GWI-exposed male mice had significantly higher grip strength after MIA-690 treatment (GWI + MIA-690 group) compared to the untreated (GWI-exposed) animals (p = 0.042). This effect was not observed for females.

3. Discussion

Previous studies have shown that the synthetic GHRH antagonistic analog, MIA-690, potentiates the GHRH-GH-IGF axis. The complex nature of this neuroendocrine pathway allows the endocrine intervention of numerous physiologic and pathologic processes, including aging-related learning impairments and the progress of Alzheimer’s disease, a chronic neurological disorder with severe cognitive deficits [28,66,67]. A protective anti-inflammatory effect of synthetic GHRH antagonistic analogs has been reported in several models of cancerous and non-cancerous tissues [10,12,14,35]. Recruitment of p53 is an important suppressor of iNOS, COX-2, and active NF-κB [35,66,68,69,70,71]. Concurrent modulation of these inflammatory messengers and neuropeptide signaling justify the evaluation of the beneficial effect of the MIA-690 in the CNS.
Our present evaluation of the compound MIA-690 revealed no significant impact on the adverse changes in exploratory behavior, recognition memory, behavioral despair, or strength capacity—key domains adversely affected in the experimental CORT/DFP-CORT/LPS model of GWI. Despite this limitation, the compound demonstrated a selective and moderate efficacy in enhancing learning parameters in female subjects.

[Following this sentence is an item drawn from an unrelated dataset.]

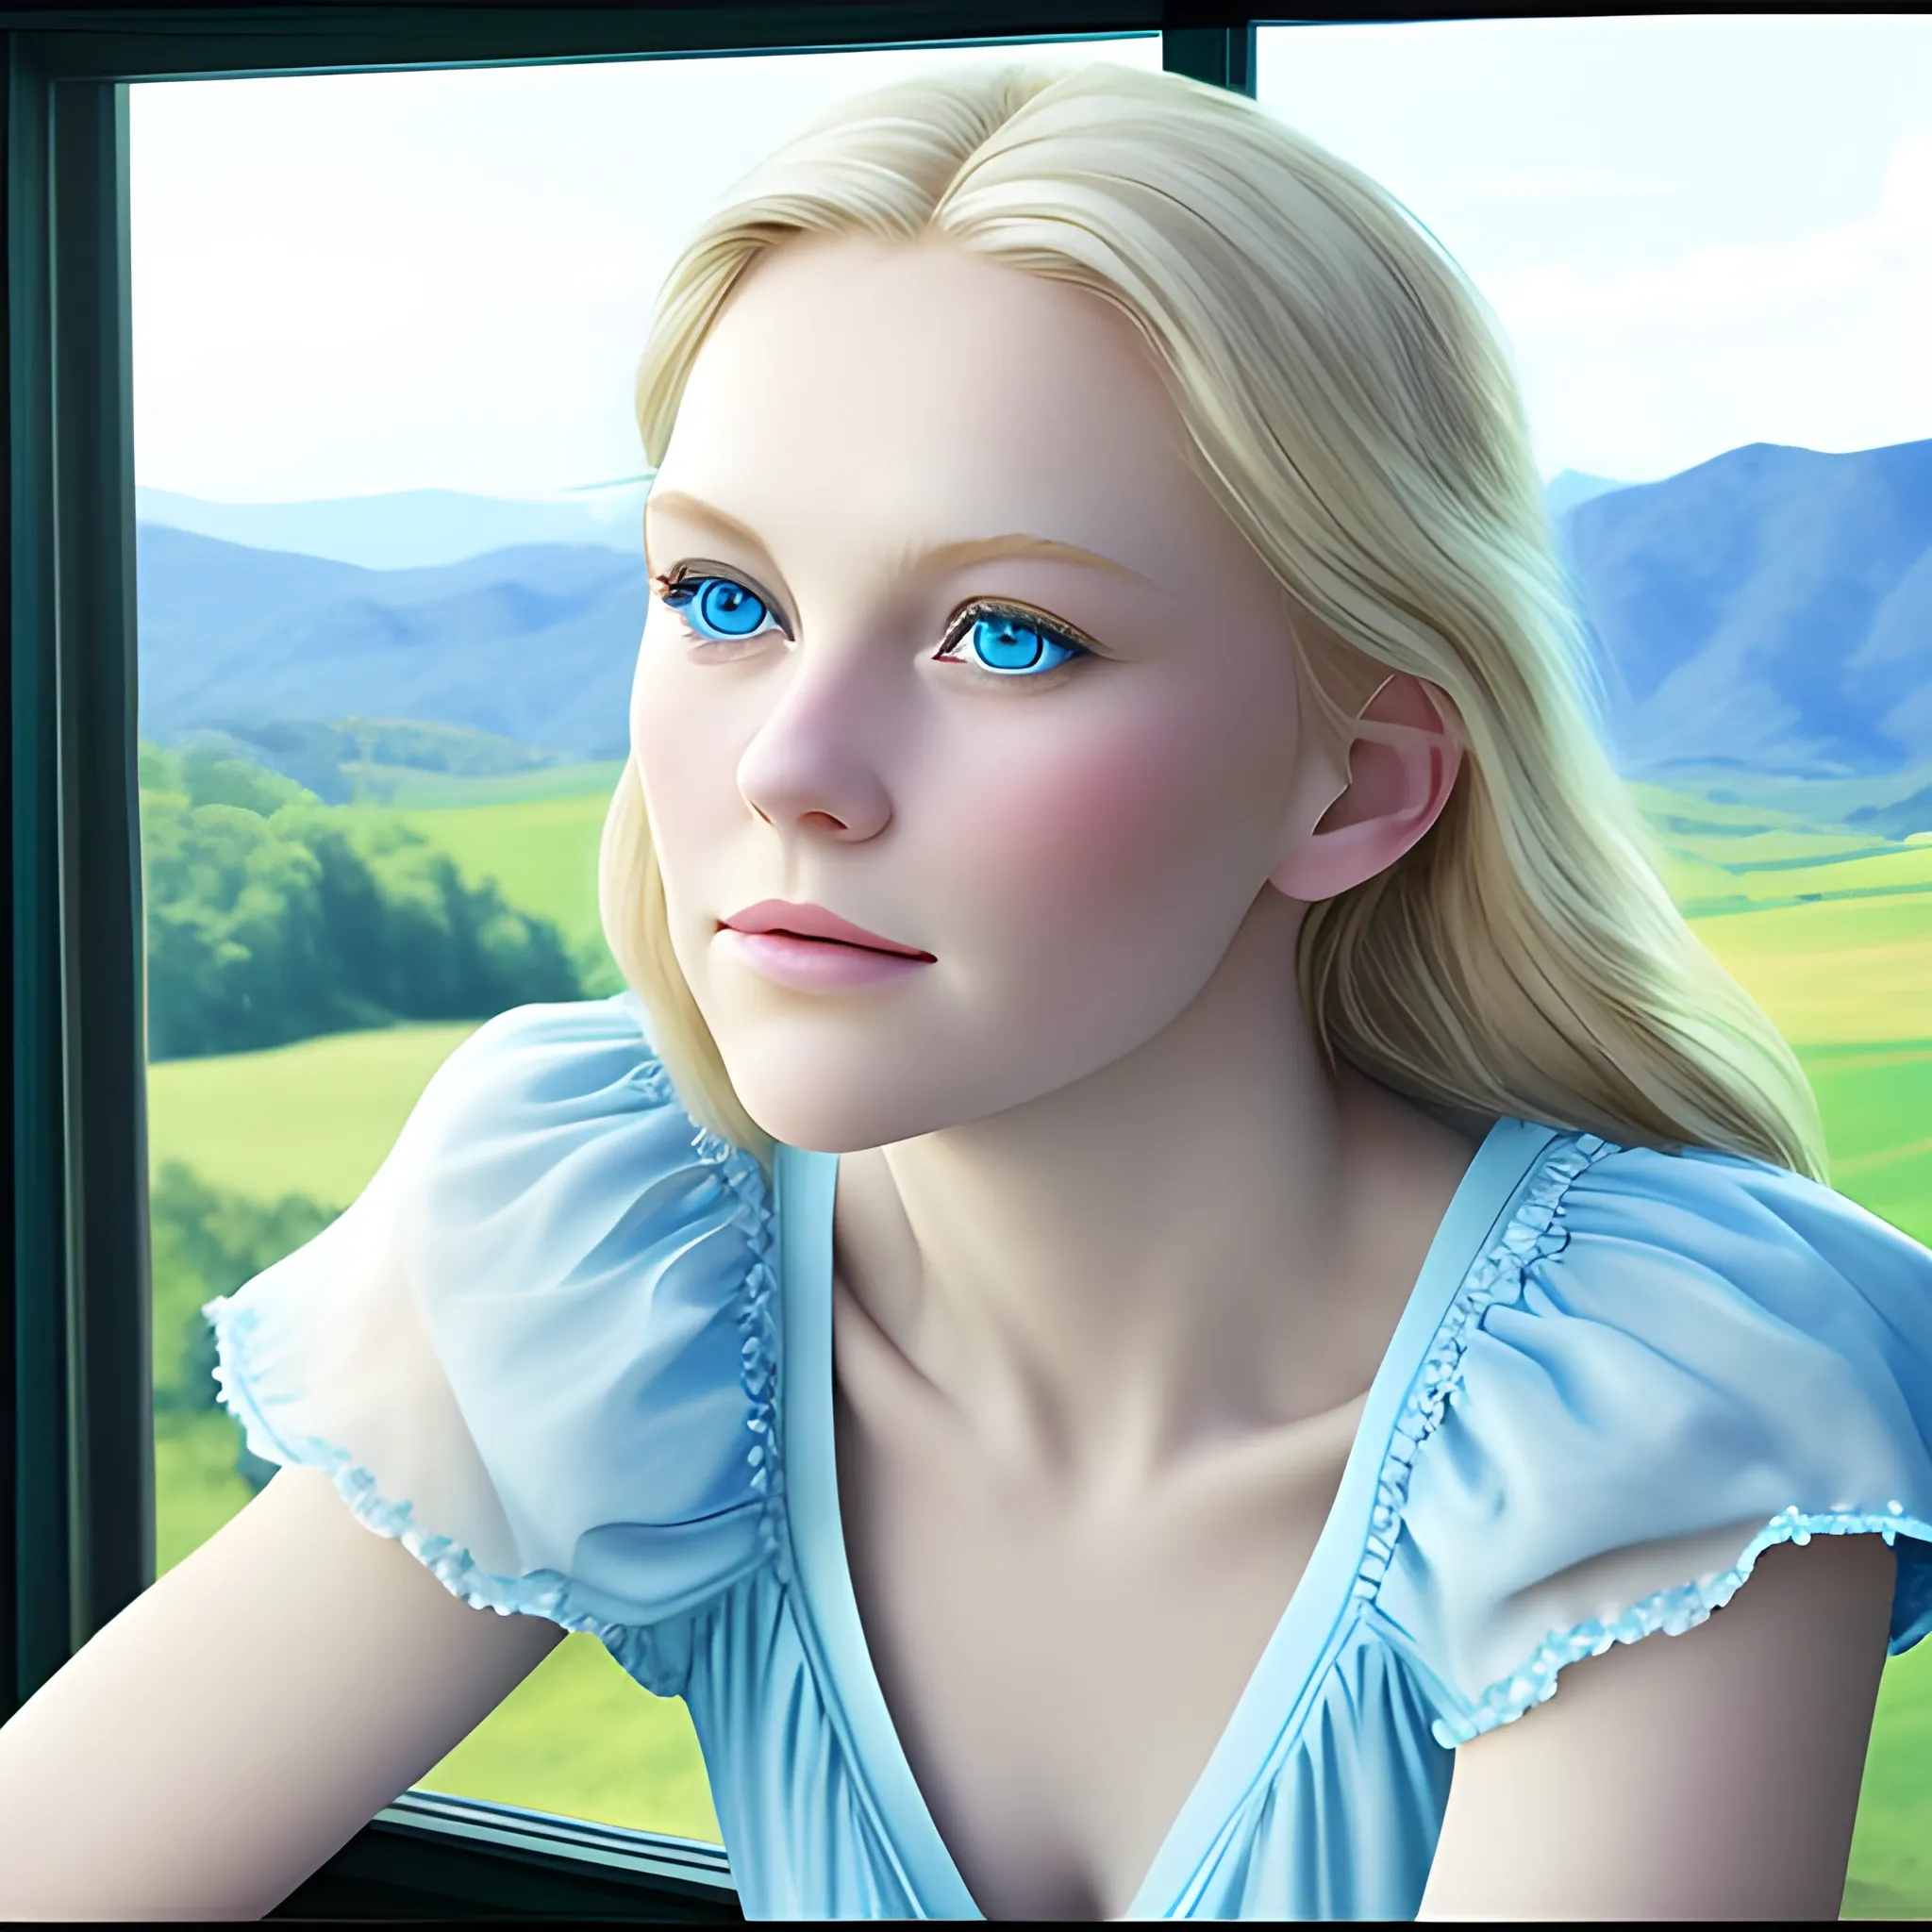 Blue skies and rolling hills fill the window behind a fair-skinned blonde lost in a daydream, her crystal blue eyes gazing wistfully into the middle distance above features delicate as porcelain.

MIA-690 does not antagonize the lethality of organophosphate-induced cholinergic crisis, suggesting that its cognitive benefits may depend on different molecular mechanisms. Previous studies using sequential exposure to CORT-DFP in mice demonstrated that CORT primes the CNS to produce heightened neuroinflammatory responses to the neurotoxicant, DFP, favoring persistent allostasis with minimal systemic inflammation contribution [72,73,74,75,76,77]. Corresponding studies and clinical reports show that increased inflammatory responses and epigenetic programming are linked to cognitive impairment [6,78,79,80,81,82,83,84,85,86]. Acute organophosphate exposures can induce epigenetic alterations, impede neuronal resilience, and promote allostasis, cellular senescence, and cognitive dysfunction [6,87,88]. This study minimized the risks of cholinergic toxicity while maintaining the minimal DFP dosage to ensure ample circulating toxicant to interact with messenger and regulatory proteins. This allowed the evaluation of the cognitive capacity using several behavioral tasks.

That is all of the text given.